Johnson now has the ability to bring these issues before the House, albeit finding bipartisan answers seems unlikely.
According to a source close to the speaker’s office, “the bipartisan debt commission that he plans to establish will handle a lot of these programmes that are in funding trouble.” We are well aware that these programmes are headed into bankruptcy; thus, immediate action is required to save them. Getting to the bottom of that is a top objective for the debt commission.
Johnson, speaking to the press on Thursday, stated that the committee will include “very thoughtful people on both sides of the aisle, in both chambers.”
When asked about the commission’s deliberations, he replied, “I believe it’s also an important principle that the speaker not predetermine the outcome of that or dictate, you know, objectives or benchmarks.”

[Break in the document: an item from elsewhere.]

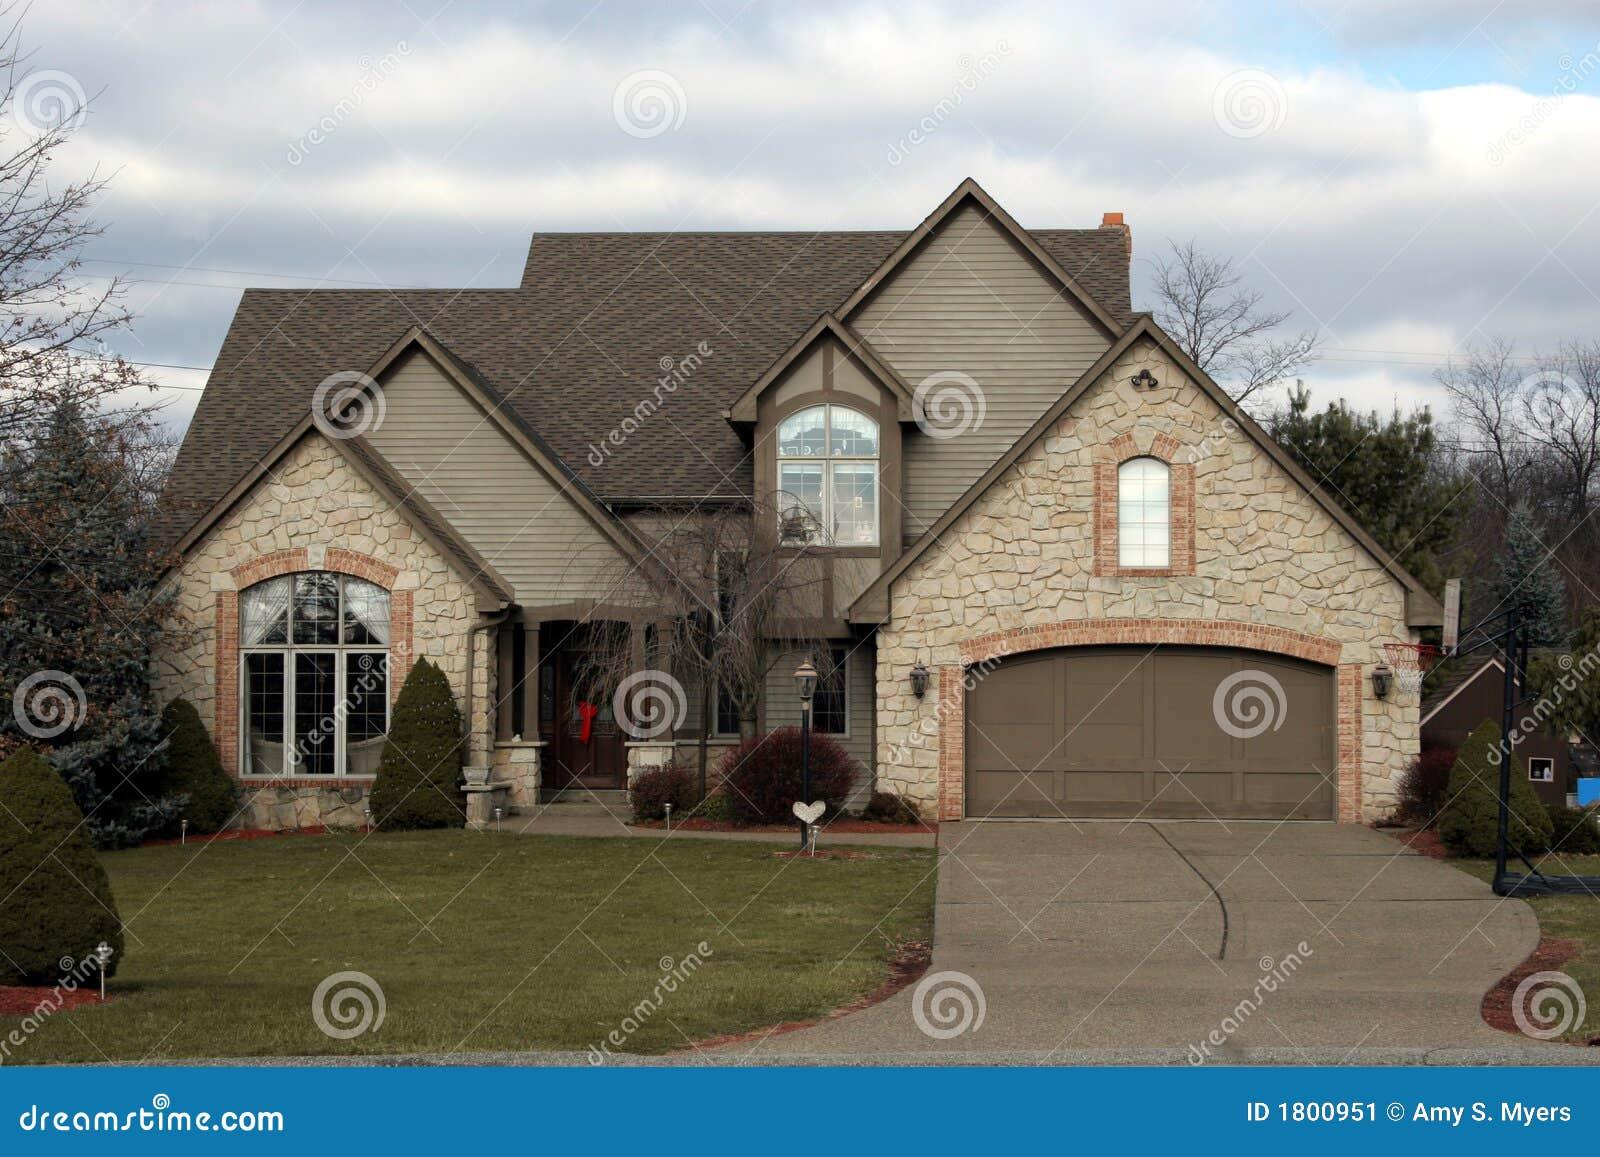 spesso Più Nuova Casa - Stile Di Tudor Immagine Stock - Immagine: 1800951 RG23
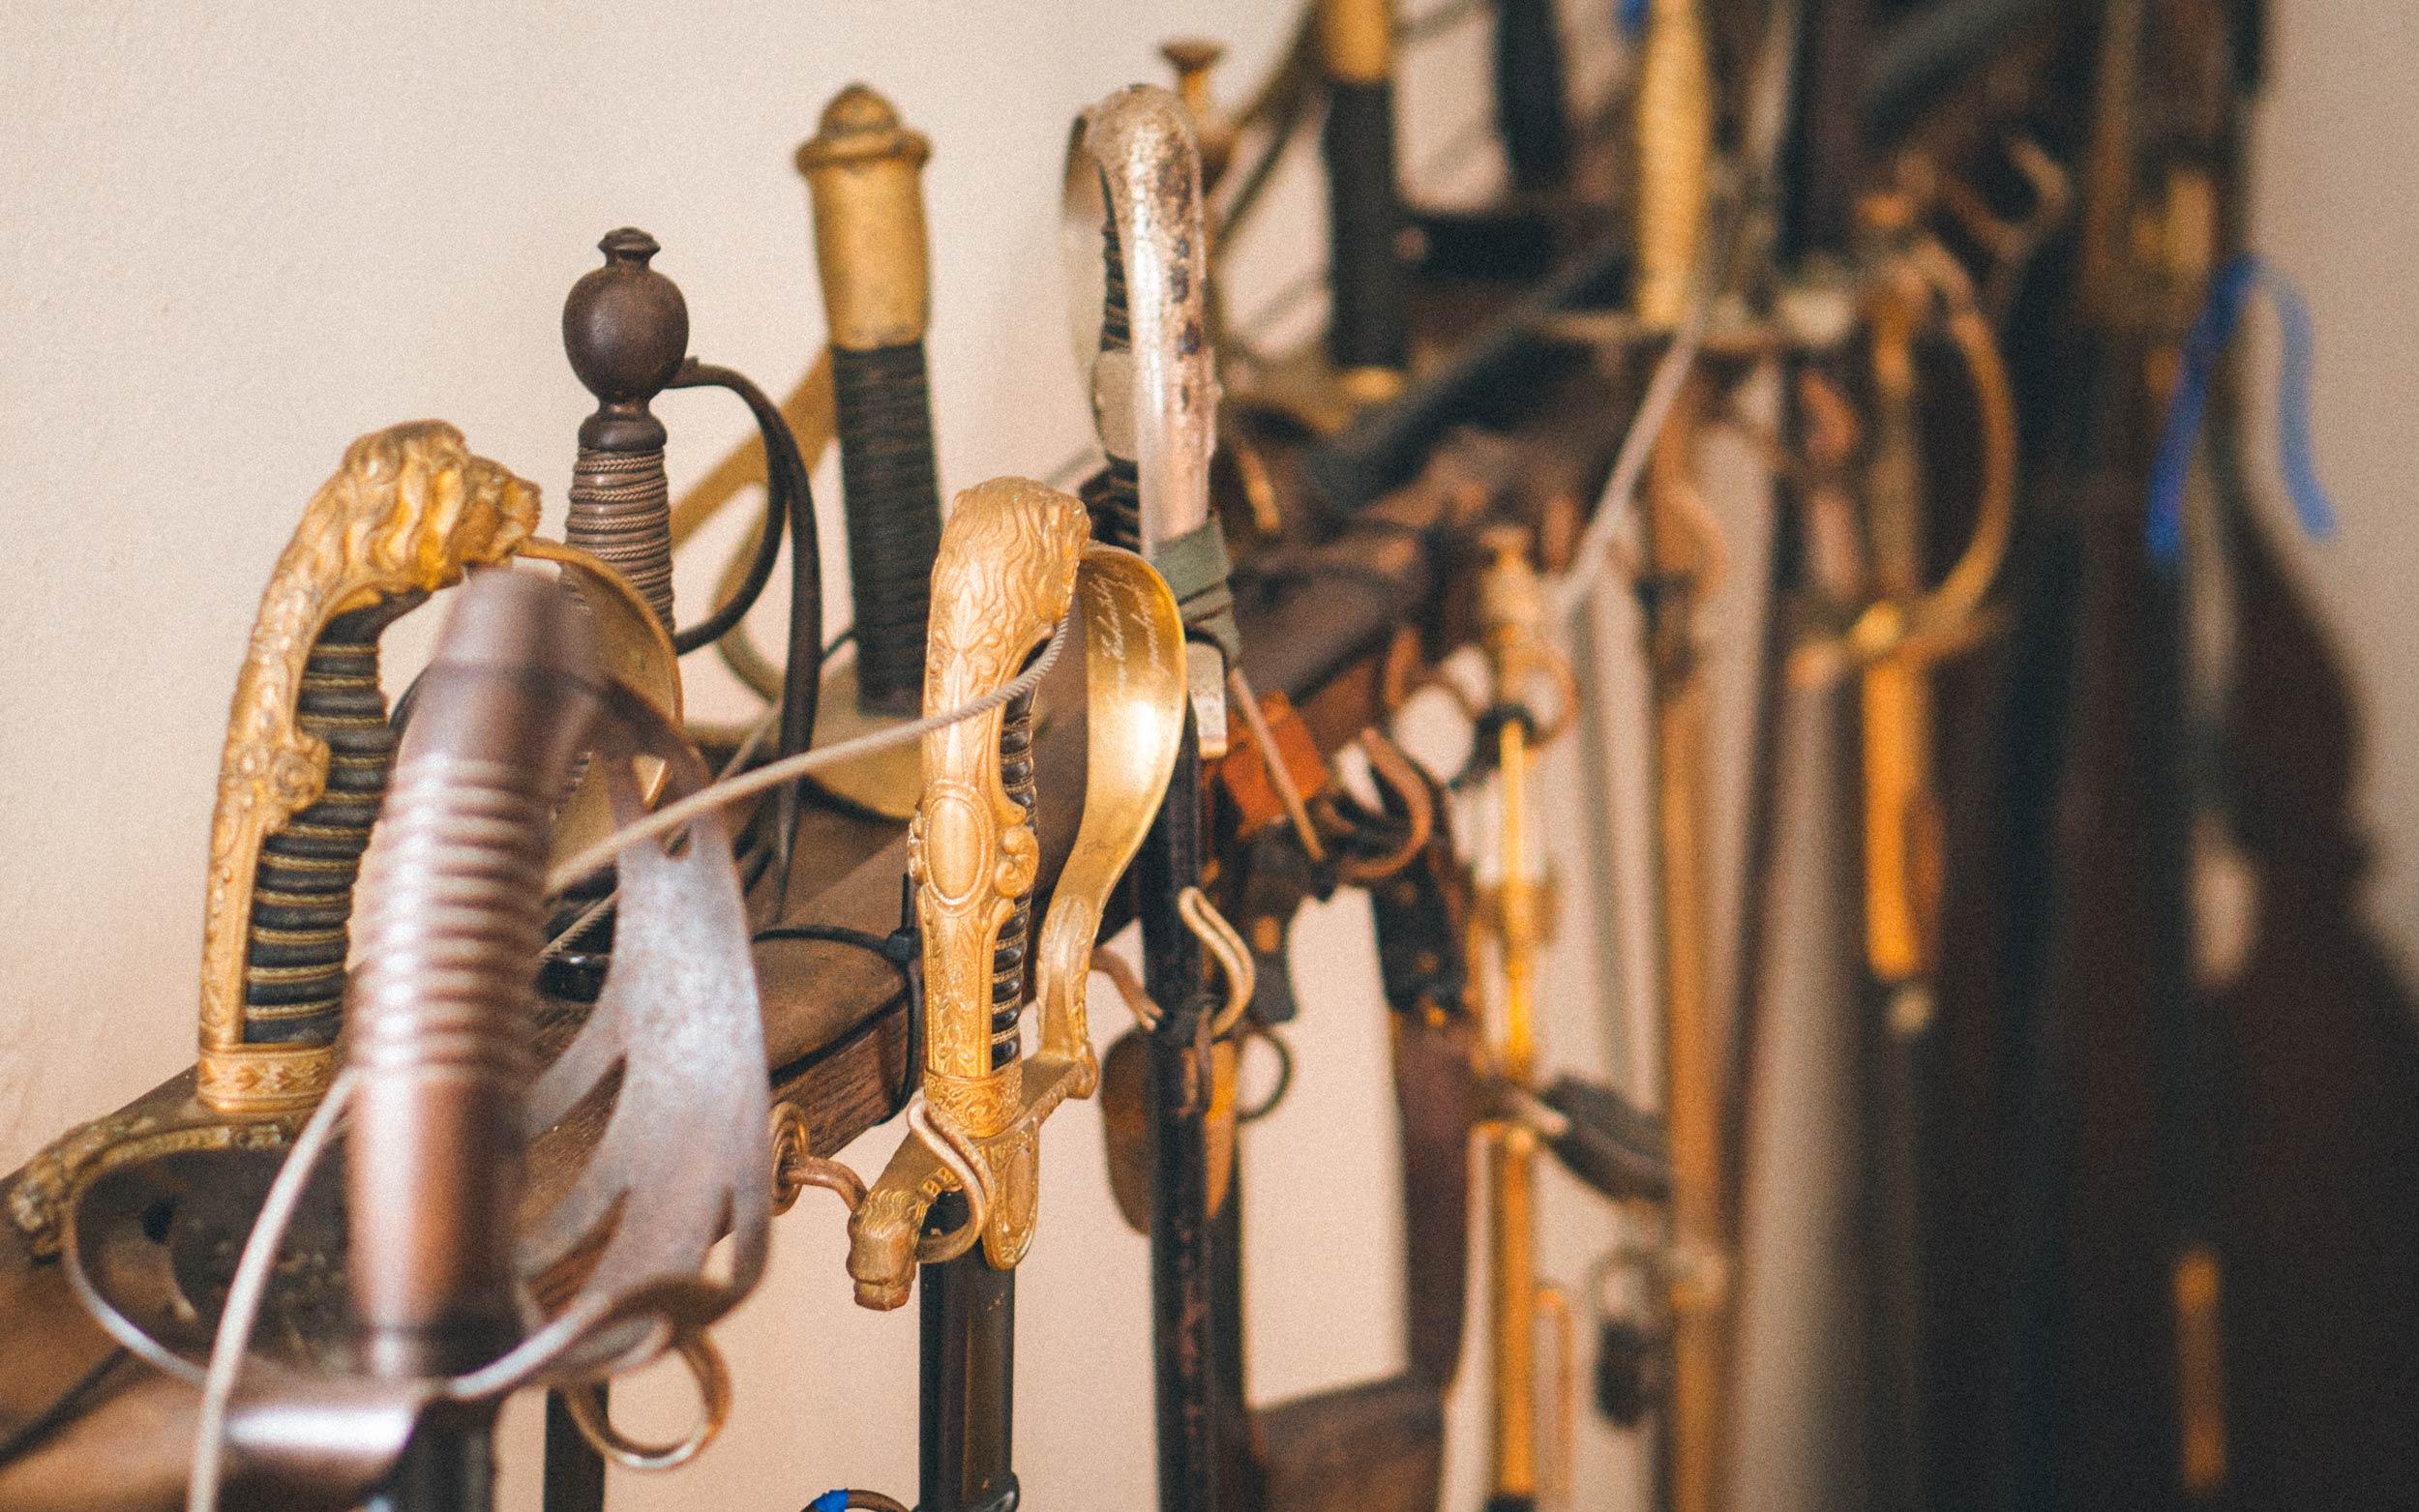 Schwertsammlung im Haus Marck

Issues raised by advocates
However, proponents counter by saying that lawmakers might use the debt committee as an alibi for agreeing to benefit cuts.
“The new speaker has made it clear he is not a friend to seniors, Social Security, or Medicare,” said Max Richtman, CEO of the National Committee to Preserve Social Security and Medicare. Reducing payouts is his solution to the problem of Social Security’s long-term solvency, he says.
Vice President Joe Biden also wants to link Johnson and benefit cuts. In a statement issued following Johnson’s victory, a Biden aide said that the new speaker intends to “gut Social Security and Medicare.”
However, according to Charles Blahous, a former public trustee for Social Security and Medicare and senior research strategist at the Mercatus Centre at George Mason University, doing nothing is not an option. However, he has doubts that a commission on the nation’s debt can agree on answers.
Implementing suggestions similar to those of the Republican Study Committee, together with tax increases and other measures, will be necessary to address Social Security’s significant financial challenges, he added.
A lot more money needs to be saved than is included in the RSC proposal, Blahous stated. “So if you want to keep Social Security solid, you have to do all that stuff and a lot more.”